Earth Ethics Spring Activities

This year, Earth Ethics Institute (EEI) is offering students
a variety of ways to interact with our Earth.

Celebrating Your Place
Facilitated by Nicole Colston

Wednesday, January 19, 2005
12 Noon - 2 pm
Student Life Patio

The Wolfson Debate Team proudly co-sponsors a celebration and recruitment event for the Earth Ethics Spring Speech Contest and other Speech-related activities.  An interactive activity (and snacks) prompts a personal examination of our campus community and local empowerment resources.  Using colored markers and pens, students are encouraged to draw symbols on large displays of bioregional and campus maps to mark significant places of environmental, educational, and community meaning.  Information on the Earth Ethics Spring Speech Contest, joining MDC Debate, and support offered by the Communication Arts Center will be available to students. 

Buzz Question for Students
Do you ever sit back and wonder where you belong in this crazy world? Start right HERE . . . with your College.  Grab a marker and identify any of your favorite areas of:
Community Interest. . . Support. . . Beauty . . . Growth . . . Energy. . . Debate. .  . Friendship. . . Earth-Understanding . . . and exceptional Learning on our GIANT map displays!

Celebrating Place - Supplemental Reading
“The Land Ethic” by Aldo Leopold from A Sand County Almanac, 1949

“Notes on Living Simply in the City” by Marliyn Welker from Plain Magazine, 1995

“Green Cities” by Peter Berg from Radical Environmentalism, 1993 and A Green City Program, 1990

“Mindfulness in Every Room of Your Home” by Joyce DiBenedetto-Colton

“Persuasive Speaking: Alternative Energy Resources and Solutions” by Nicole Colston

Discussion Questions

1)      Aldo Leopold says, “A thing is right when it tends to preserve the integrity, stability, and beauty of the biotic community. It is wrong when it tends to be otherwise.”  Does that state your view?

2)      Berg says that re-inhabitation involves learning to live in place in an area degraded by human activity, and working to restore it.  In thinking about degradation in your area, what is one thing that might be restored?

3)      How would you describe your feeling of responsibility for the land in the area where you go to school?

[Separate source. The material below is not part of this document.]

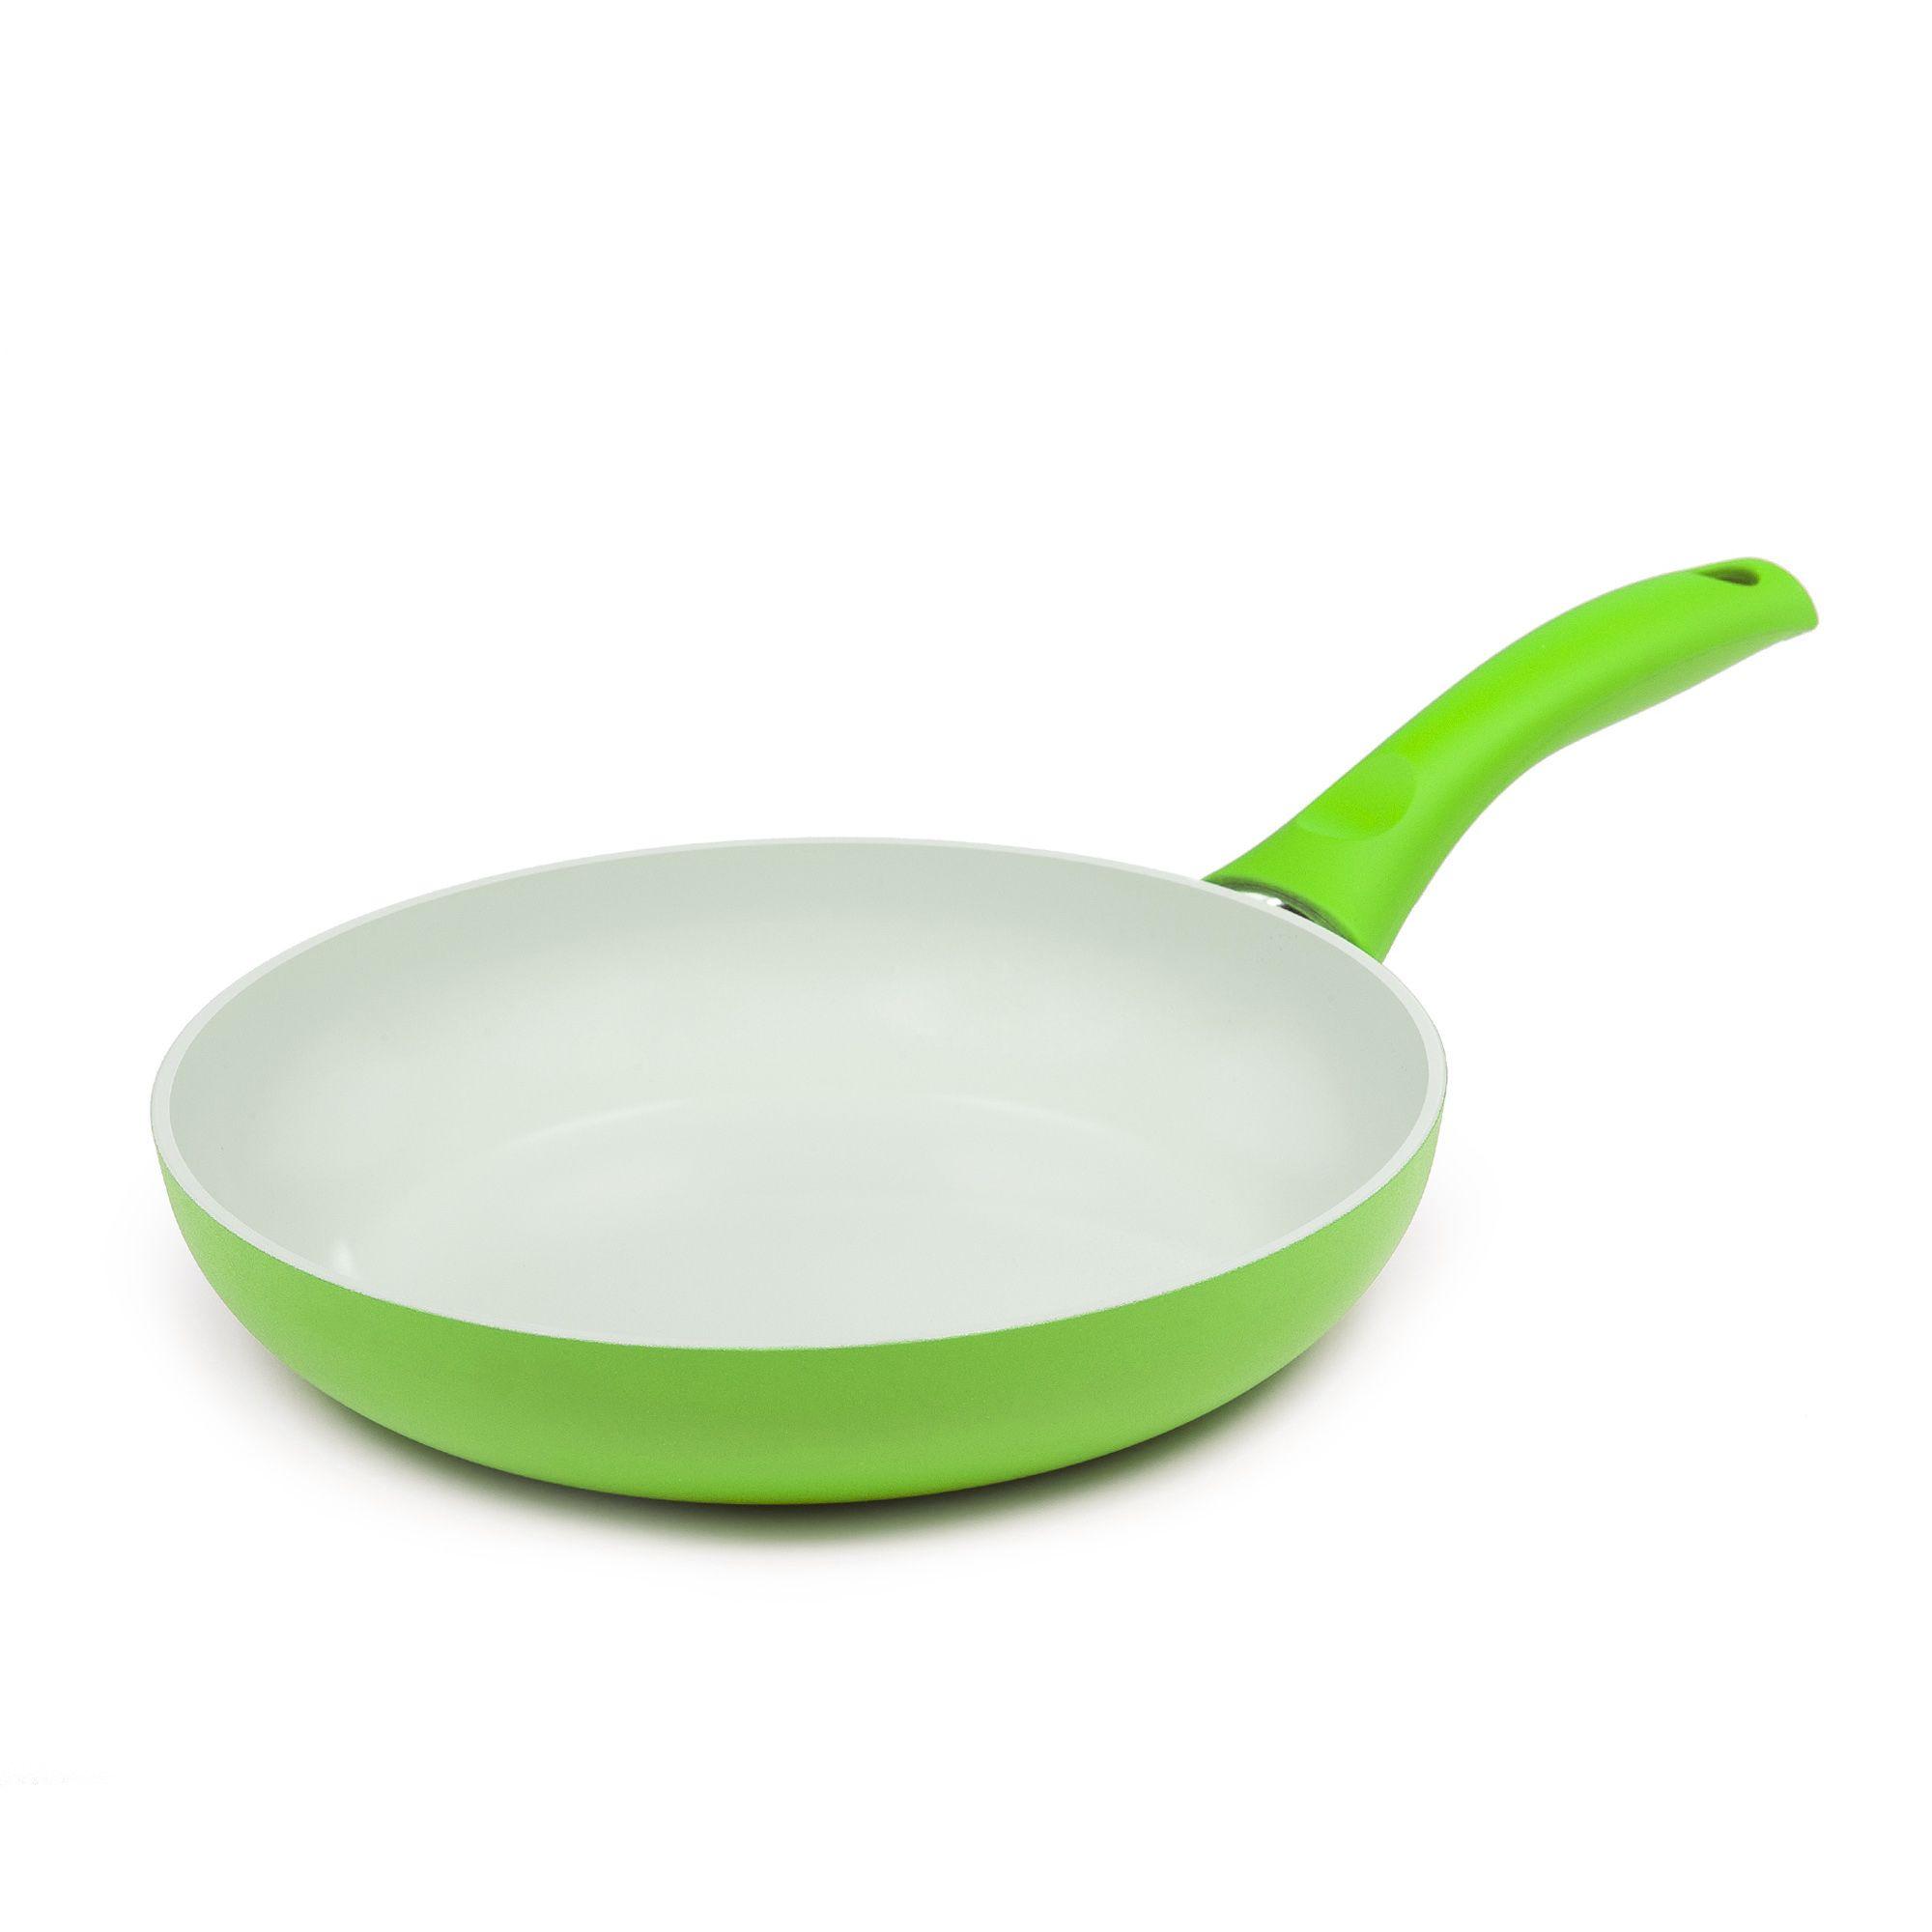 Kuhn rikon cucina marchi qvc italia - Qvc marchi cucina ...

Where you live?  What factors have contributed to that feeling?

4)      Which area of alternative energy resources are you most interested in? Why?

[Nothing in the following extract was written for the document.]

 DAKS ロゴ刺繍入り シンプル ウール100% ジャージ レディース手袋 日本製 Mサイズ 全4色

5)      What are the major considerations of a persuasive speech writer?

3)     Can you think of any “brown-fields” (as described in the “Battle of Midway” article) around your home, work, or school?

4)     Find the name of an organization working to protect the natural features of your place.  Share it with your group.

 
 
Responsibility to Your Place

Facilitated by Nicole Colston
Wednesday
, February 2, 2005
From 3:00-5:00 pm
“Communication Arts Center” Rm. 2313
Wolfson Campus

Video Viewing (35 min.)

“Global Brain” by Peter Russell

A moving presentation which explores the theory that the Earth is an integrated, self-regulating living organism and asks what function humanity might have for this planetary being.  It suggests we stand at the threshold of a major leap in evolution, as significant as the emergence of life itself, and that it is only through such a shift in consciousness that we will be able to successfully manage the global crisis now facing us.

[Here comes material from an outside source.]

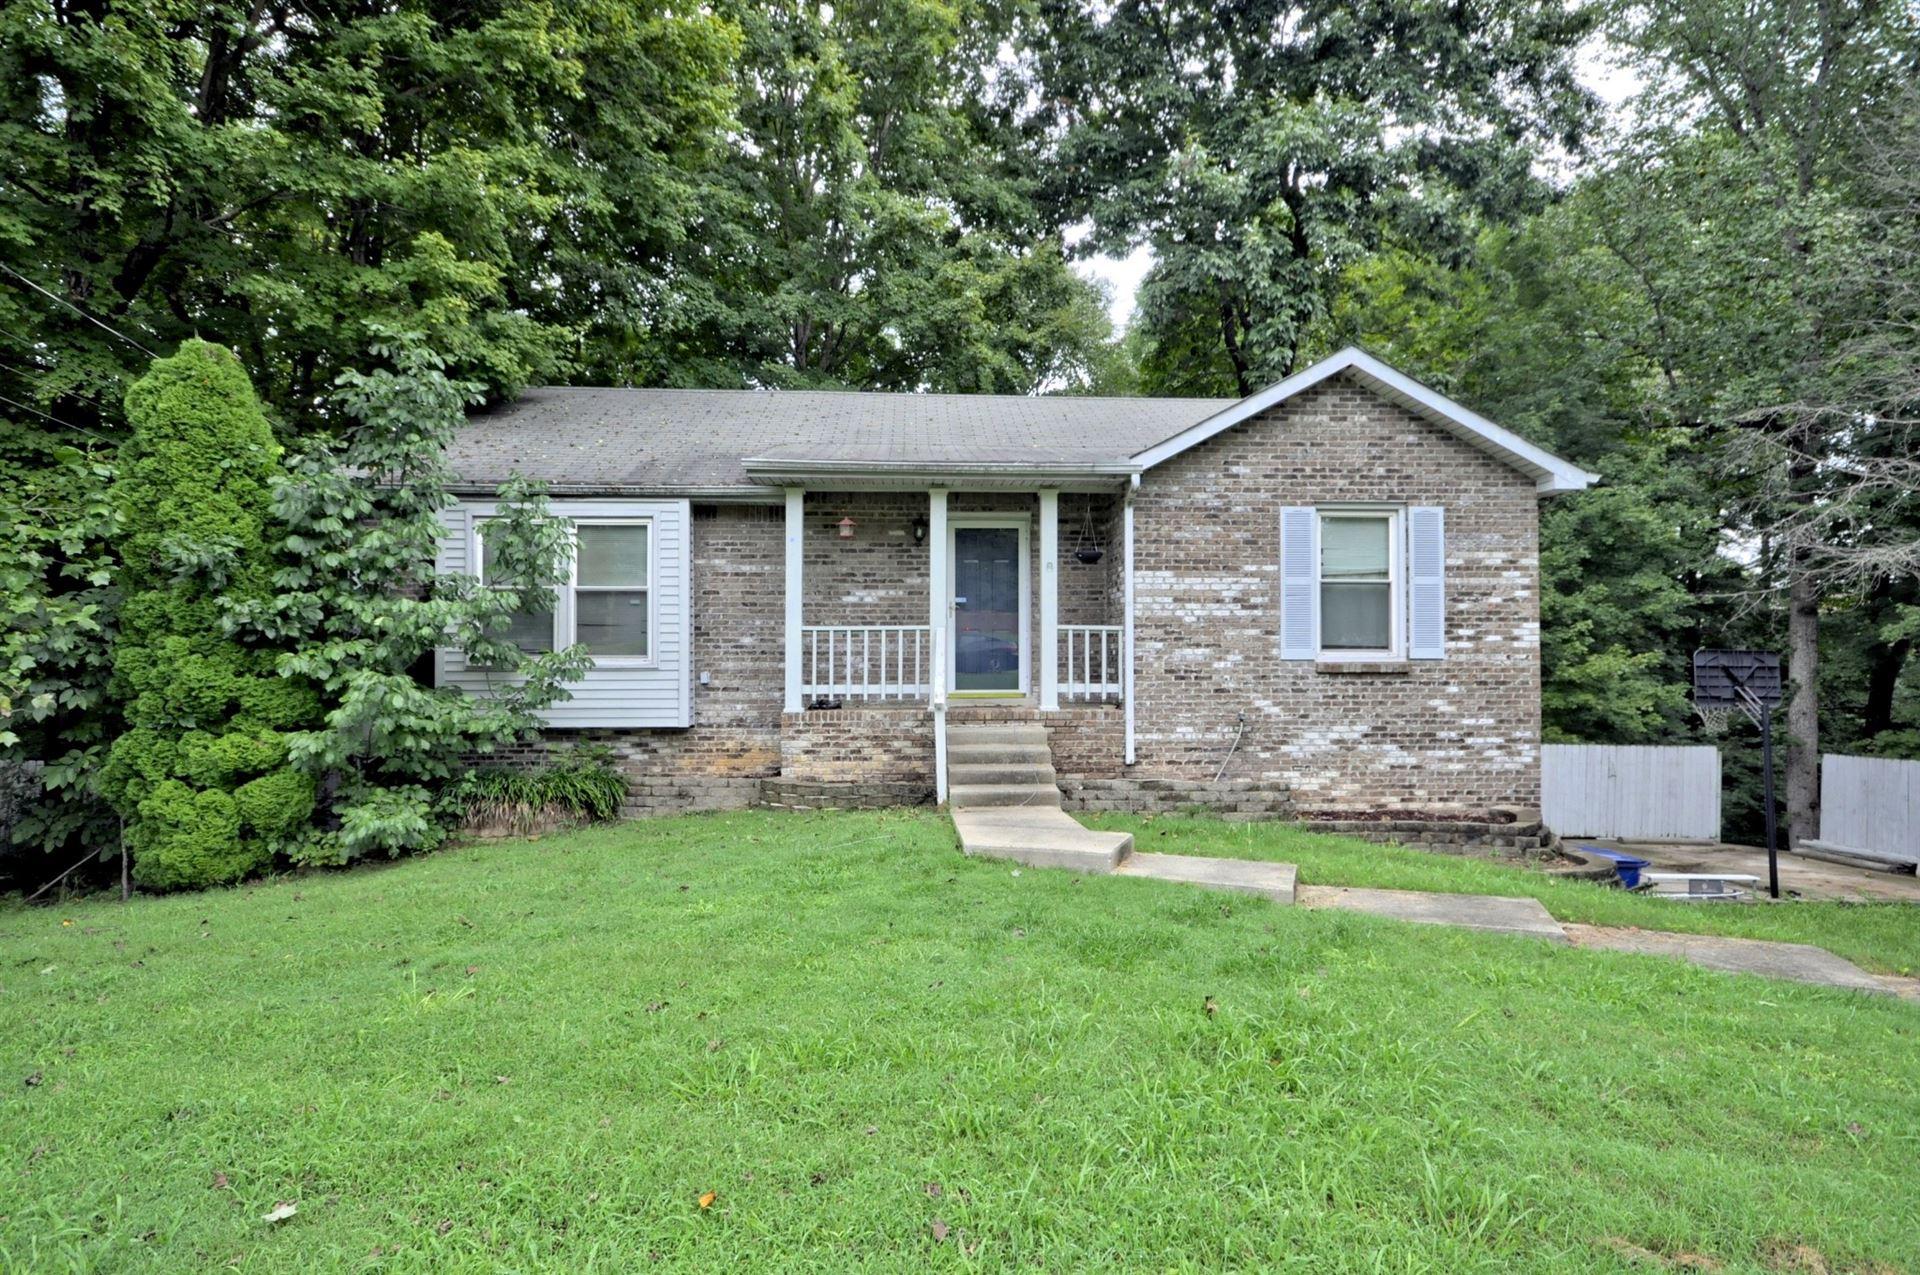 1719 Setter Rd, Clarksville, TN 37042 - MLS#: 2290623

Group Discussion Questions

1)     What did the philosopher Alan Watts refer to when he coined the term “the skin encapsulated ego”? What are the environmental consequences of so many individuals having “skin encapsulated ego”?

2)     What is the next great “Revolution” in society (after the Agricultural, Industrial, and Information Revolutions) and how will it differ from the Revolutions of the past?

3)     If an organism needs several billion atoms in order to function and if the evolution of consciousness needs several billion nerve cells to develop, then what will be needed for humanity to be linked into an integrated, functioning system?

4)     What are the benefits to the individual (as well as society as a whole” of having “leaky margins”?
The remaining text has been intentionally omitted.